"A commonplace book is what a provident poet cannot subsist without, for this proverbial reason, that “great wits have short memories:” and whereas, on the other hand, poets, being liars by profession, ought to have good memories; to reconcile these, a book of this sort, is in the nature of a supplemental memory, or a record of what occurs remarkable in every day’s reading or conversation." - Jonathan Swift, "A Letter of Advice to a Young Poet"

Friday, November 11, 2011

Thoughts on Unfinished Books

There will always be a few of them, floating somewhere near the back of the cloud in my mind that is the things I've done and seen and experienced. But unlike most of the books, films, landscapes, days, meals, trips, etc. that make up that nebula, the unfinished books are not whole and distinct. They aren't discrete little packages I can open up in my memory. Recalling them doesn't give me that thrill of accomplishment, the sense that my life is whole because it is made up of whole elements. Instead, it's like I'm still in the middle of the experience, like the book is still lying open on my bed, waiting for me to come back to it.

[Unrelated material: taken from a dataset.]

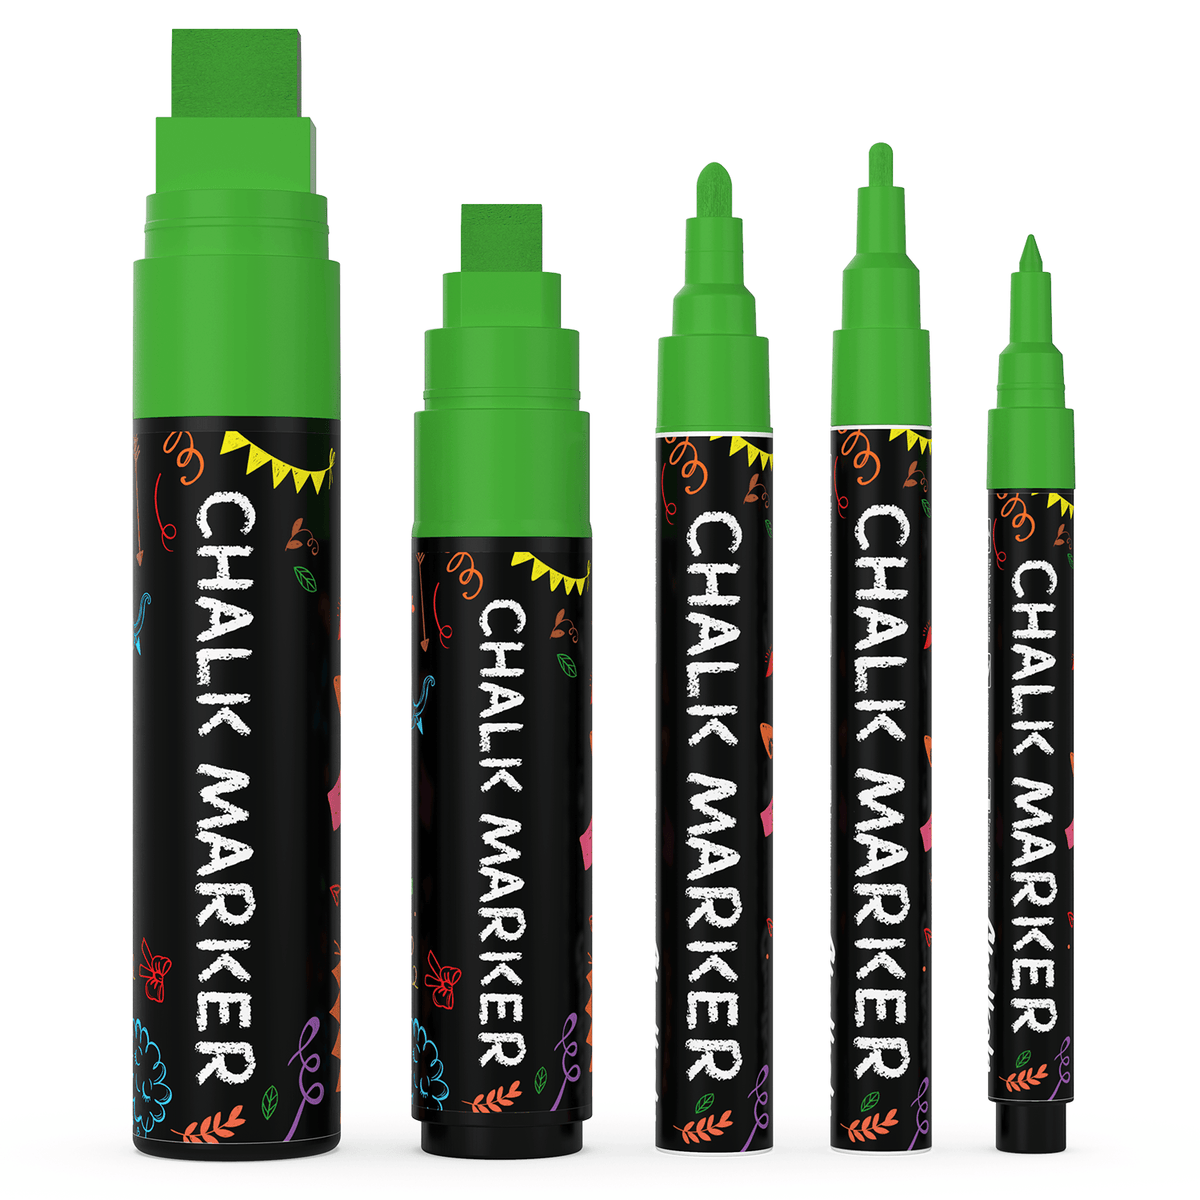 Single Colored Chalk Markers (Fine to Jumbo Nibs) - Variety Pack of 5 Pens

I forget about them, but eventually they resurface, always with a little pang of guilt. These are not the books that I put down for a purpose - because they weren't worth my time, usually. These are the books that just got lost in the shuffle, and I can't even remember why I stopped reading them and walked away. Most of the time, it's probably because I had to physically depart from where the book was. I only had a couple hundred pages left in Middlemarch when I had to get on a plane for Uganda, but in that case, I was dedicated enough (or crazy enough) to actually cut the (very large and cumbersome) book apart so that I could carry that last little sliver of it with me to finish. But other books I just left. And I will continue to do so over the course of my life, I'm sure, so that eventually I'll have a whole pile of open books and a whole pile of missed opportunities to add another story to my history.

I'm not a very fast reader, and I imagine there are people for whom this is inconceivable. They could just stay up a few extra hours and finish. This is never a problem for me with watching a film. But I read slowly, and I like to read when I have ample time and energy to really savor the words and the story. I don't dislike long books. In fact, I love the experience of living in a novel for several months, always having it there as a world I can slip back into for respite. But those kinds of books are always in danger of being left unfinished.

Right now, Wilkie Collins' The Woman in White is sitting neglected on my bookshelf. I started it this summer, read it pretty devotedly, but didn't quite finish before the start of the semester. I have about 200 pages left. I haven't touched it for almost three months. But it's still sitting on my shelf, right above my bed, just in case. I will be finishing this book. Just not right now.